Skirata strapped himself into the third cockpit seat so Ordo could take the copilot’s position with Mereel at the helm. Ordo was now talking directly to Leveler, whose comm officer seemed to think he was calling from Arca Barracks on Coruscant. A code scrambler was a wonderful thing.
Vau released the mooring lines and gave Skirata a mock salute from the pontoon, and Mereel took Aay’han out past the breakwater, accelerating her gradually toward the speed at which she’d rise on floats and then lift clear of the water. Skirata opened his comlink and keyed in Jusik’s code.
“We’re out of here, Bard’ika. Thanks.”
“Thank you for keeping me informed,” Jusik said stiffly. So he had an audience: Delta must have been with him. “Is everything all right?”
“No. But it will be.”
“Niner informed me about Fi.”
“Ordo’s on the case. Don’t worry. And you don’t have to worry about Ko Sai any longer, either.”
“Okay…”
“Call me when you can talk freely. We’re off to Mandalore.”

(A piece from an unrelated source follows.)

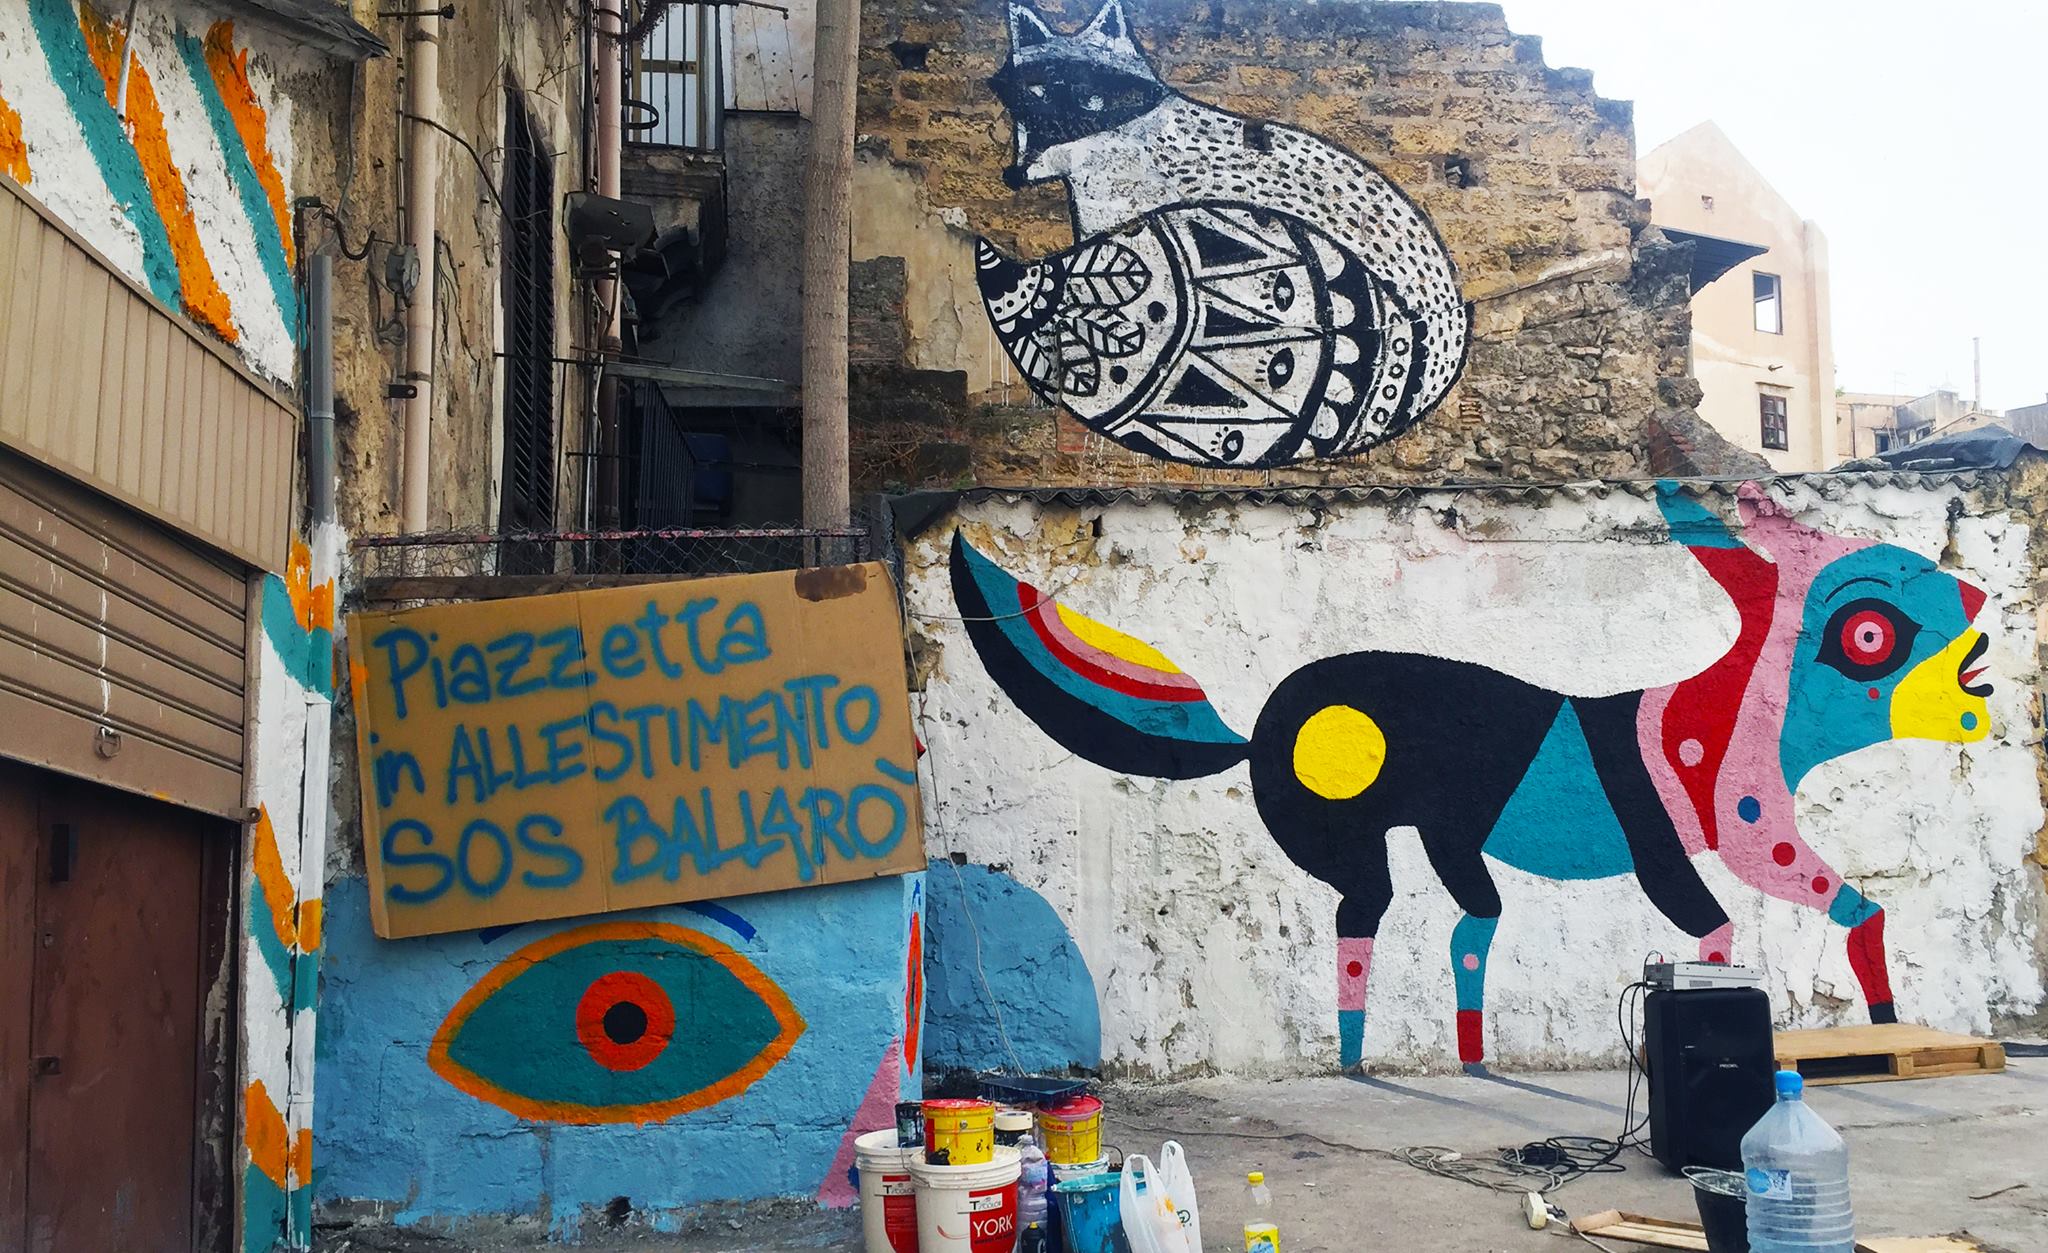 SOS Ballarò, la street art per riqualificare Palermo

Jusik was a good lad, Skirata reflected. He’d been good right from the start. They were lucky to find a few aruetiise with that kind of loyalty.
Aay’han took off in a storm of spray, lifting into the night sky. As she passed above the island that had once housed Ko Sai’s base in its bowels, Skirata checked the sensors and couldn’t help but notice that there was now an area of subsidence on the sports field, a shallow bowl about a hundred meters across. He could even see it; the shadow created by the illumigrids made it look like a big black lake.

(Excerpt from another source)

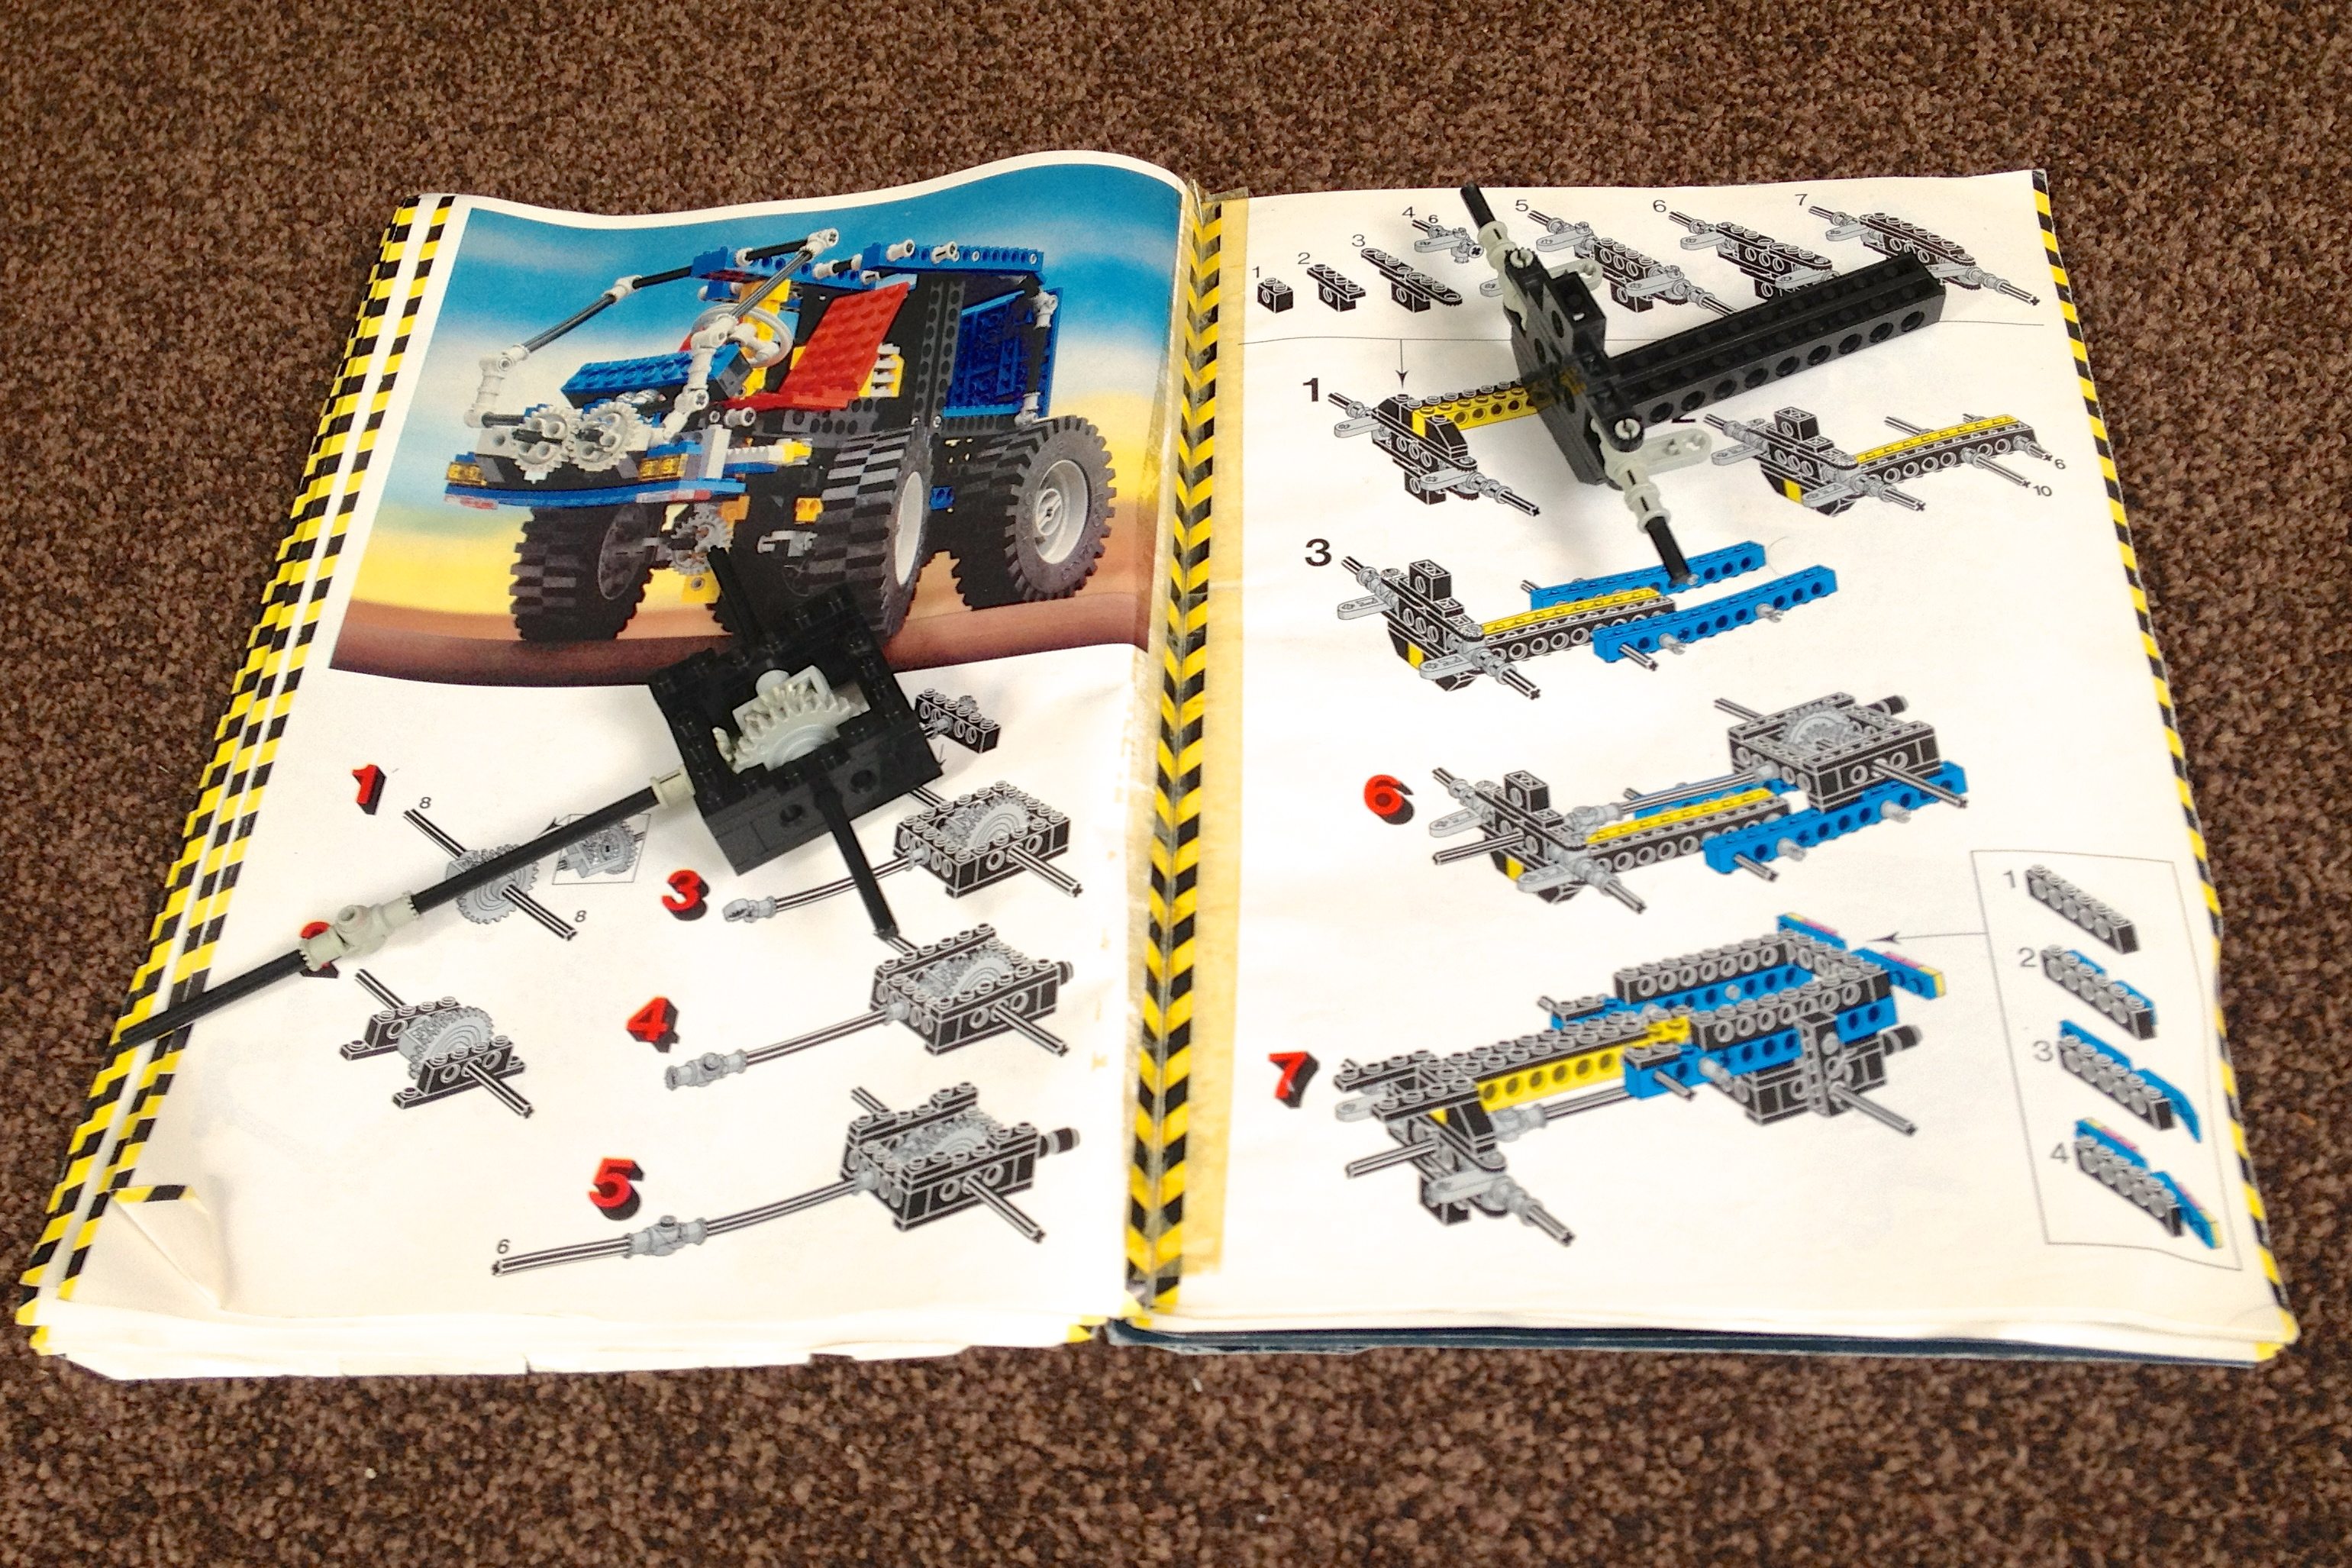 Building a 30 Year-Old Lego Set - GeekDad

“P for plenty,” Skirata said. “I think we brought the ceiling down.”
Mereel checked for himself. “Oops.”
“You’re taking this pretty well.” Skirata now worried what was happening behind Mereel’s cocky veneer, because he’d badly underestimated what was going on inside Ordo.
“There’s always a bright side,” said Mereel. “One day, we’ll look back on all this and laugh.”

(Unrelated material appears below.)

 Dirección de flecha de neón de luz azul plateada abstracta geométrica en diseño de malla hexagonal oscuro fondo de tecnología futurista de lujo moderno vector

Skirata doubted it. But one thing, at least, was settled: he didn’t have to hunt for Ko Sai any longer.
He just had to work out what he was going to do with her.
Tropix island, Dorumaa,
479 days after Geonosis
“So this is how the other half live,” Sev said.
Delta Squad, clad in the dull but all-encompassing coveralls of a utilities maintenance crew, tried to look routine as they made their way along the shoreline collecting garbage. There wasn’t a lot, but the management liked the white sand to look pristine before the hotel guests emerged after breakfast. Some poor di’kut was even combing it with a big rake.
“I’m glad I’m in this half, then,” Boss said. “The novelty of cleaning up after civvies would wear off fast.”
“I meant the lounging-around-in-the-sun bit.”
“Overrated.” Fixer speared a scrap of flimsi wrapping with a special sharpened pole designed for doing just that, although Sev could think of much better uses for it. It was the first enemy contact Fixer had had for a while. Sev considered requesting a transfer to the infantry, where they seemed to be getting more droid action. “Ruins your skin. Gives you blisters. You have to coat yourself in slimy sun filter to stop it from killing you in the end.”
Scorch stood back and let him kill another scrap of litter. “So how long have you been promoting the benefits of a vacation on Tropix?”
“Look, any job would be better than mine, because right now I feel I’m wasting my time.” Fixer shoved his finger hard in his ear, adjusting the hidden comlink bead. “This is boring. Even the police comlink channel is tedious. Drunks, lost valuables, and collisions between rental speeders.”
Jusik had finally let them loose on the island itself. Fixer and Boss weren’t happy about the delay, but the Jedi had a point: it was hard to blend in here in a suit of Katarn armor, and they didn’t have what he called Omega Squad’s social skills. Scorch had helped him liberate a few maintenance crew uniforms overnight, a task so easy it was almost an insult to their skills at getting into places they shouldn’t have been. As for the locks—he could have busted them open just by scowling at them. It was pathetic.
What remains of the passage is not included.